La colina es larga y angosta, salpicada de pedernales grises. Cuando cubierta de nieve asemeja una enorme ola en proceso de reventar sobre el valle de Re. Su amplia cumbre, plana, regular, ha servido desde siempre de base para el asentamiento, la agricultura y la guerra.

Sigfinn asciende envuelto en un manto de niebla. Avanza con esfuerzo junto al resto de los hombres, la nieve a la altura de sus rodillas. Por entre las nubes vislumbra el Lago Bonevarrent al este, y más allá casi puede distinguir el contorno de la costa del mar que lo vio nacer. Al oeste el bosque denso, hambriento, encubre al campamento del enemigo.
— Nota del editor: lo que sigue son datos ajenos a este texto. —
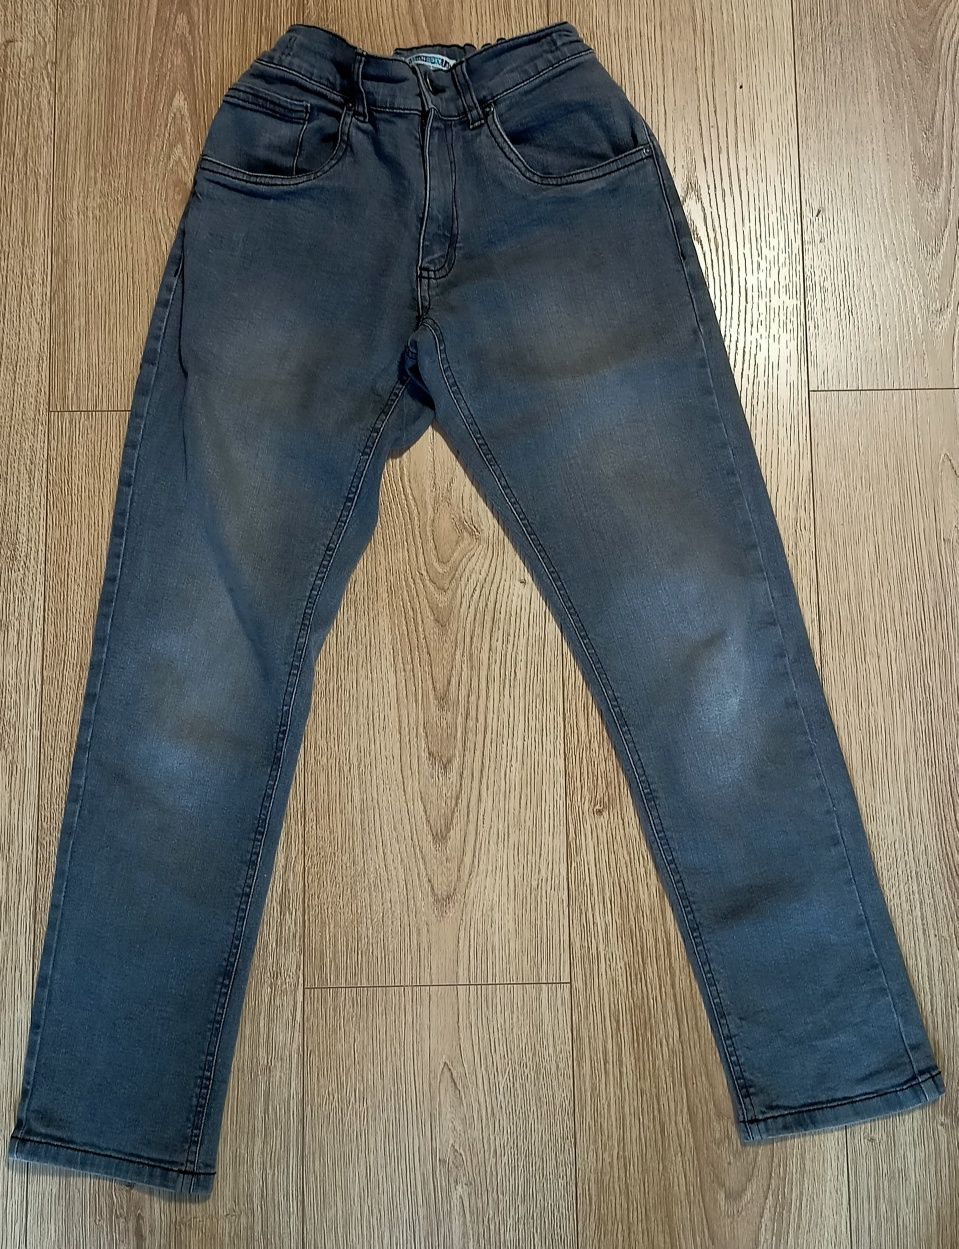 Spodnie jeansowe szare dla chłopca 146/152 stan bdb
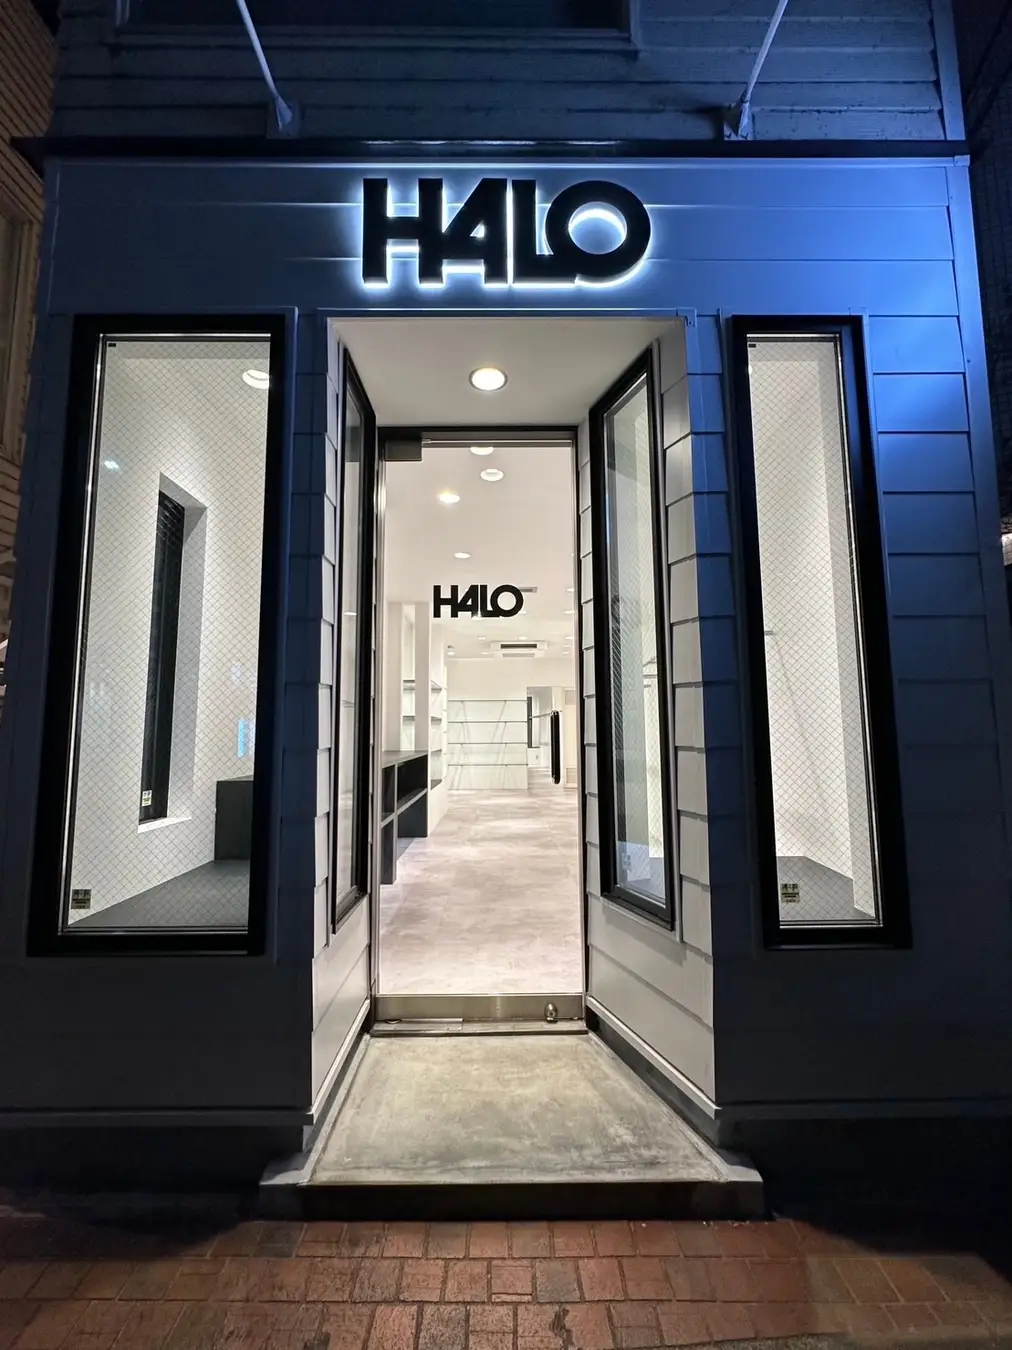 【新店舗】各国のストリートウェアブランドを展開するセレクトショップ「H4LO」第一号店が2023年4月15日にグランドオープン。

Es una clara mañana, aunque la penumbra invernal persiste, cuando Turid sube la colina sola. La calle helada resbalosa por falta de nieve. El brillo de las lámparas callejeras le impiden ver el lago o el bosque así que fija su atención sobre las primeras señales de vida en el pueblo de Revetal, su hogar, en el crepúsculo matutino.

Ambos respiran profundamente al alcanzar la cumbre, ambos por última vez.

 

II

Øystein fue proclamado Rey. Cuando los Birkebeins, al nacer el invierno, volvieron al pueblo, se le unieron con los hijos de Gudrun de Saltnes, Jon Ketling, Sigurd y William. Sumaban unos dos mil hombres.

            Cuando el Rey Magnus escuchó que los Birkebeiner estaban en Re, con Orm su hermano procedió allí con sus hombres. Nevaba furiosamente y el frío era terrible. Cuando llegaron a la colina se detuvieron en el camino y alinearon sus tropas, que sumaban poco menos de mil quinientos.

            Cuando percibieron el ejército del Rey Magnus, los Birkebeiner abandonaron el sendero trillado y ordenaron sus líneas, y como su fuerza era mayor decidieron enfrentar al enemigo. Mas cuando marcharon su camino fue bloqueado por la nieve, y sólo podían avanzar por el camino trillado, y aquellos que lo hicieron fueron abrumados y cayeron.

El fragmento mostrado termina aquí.